# Frigidaire water dispenser does not work



## waywestside (Feb 12, 2007)

Hi there,

Hoping to avoid a service call on what must be an easy fix. The water dispenser on my Frigidaire side-by-side (model number: FRS26RLECSO Year: 2004) suddenly stopped dispensing water. A quick visual inspection of the tubes (at the base and back of the unit) indicate no obvious problem. The ice dispenser works. When I remove the water filter cover inside the refridgerator and press the dispenser button, water shoots down so I know it's getting that far. Any clues at all? Thanks so much.


----------



## mscherer (Mar 9, 2007)

What was it? I have the exact same problem. Only had the thing for 10 days too...


----------



## waywestside (Feb 12, 2007)

I thawed the hoses behind the crispers in the fridge with a hairdryer and that brought the water back. But then I ended up calling a repairman because it stopped again. Problem was a broken fan in the back of the freezer. Wasn't pumping the air through the unit properly. Needed to be replaced. Cost $250.


----------



## girltech (Jan 4, 2008)

Sometime when the water dispenser stops working it is the inlet valve at the back of the fridge.

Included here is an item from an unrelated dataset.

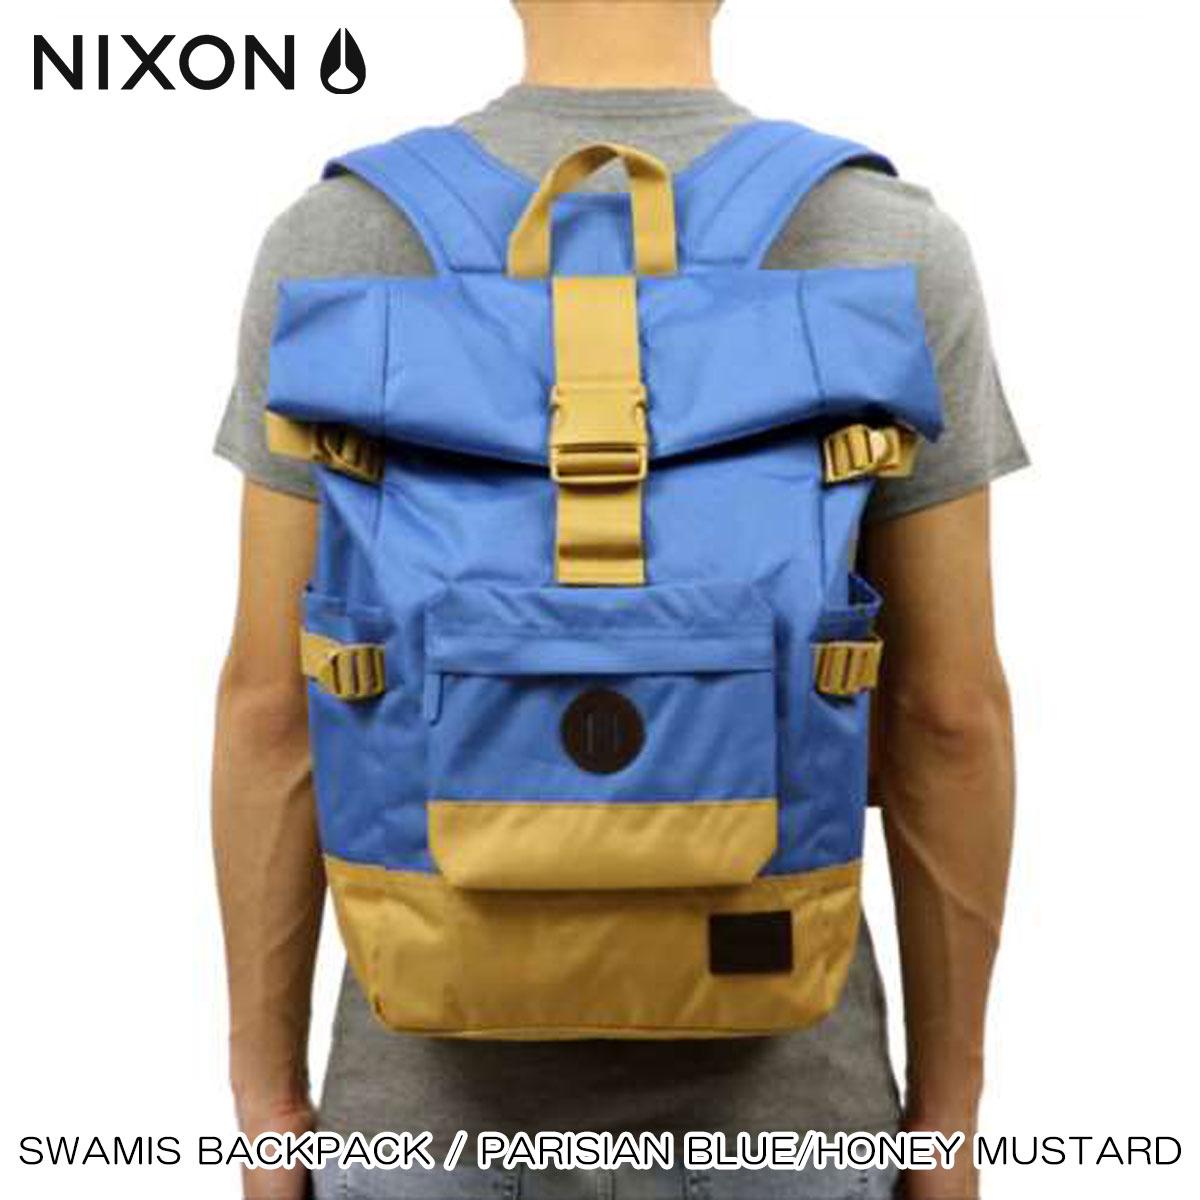 【ポイント10倍 9/4 20:00~9/11 01:59まで】 ニクソン NIXON 正規販売店 バッグ Swamis Backpack Parisian Blue / Honey Mustard BLUE 敬老の日 プレゼント

If you do need a part here is a good place to get Frigidaire parts.


----------



## snapper2k11 (Sep 27, 2011)

*Driving me crazy*

I have replaced the $130 control panel board, but the water dispenser / ice maker still behaves erratically. Makes a clicking sound, water comes out, then stops, then starts again. Sometimes it just works, but as time goes by, less so. 
I emptied the fridge , turned off power for 2 days , after that it worked smoothly for 1-2 hours before starting to mess up again. I made a youtube video to illustrate what exactly the problem is. 
http://www.youtube.com/watch?v=gVH6pMRbJKs
I am in a rural area , so its doubtful any one who can repair this would be close by. 
Any ideas!?


----------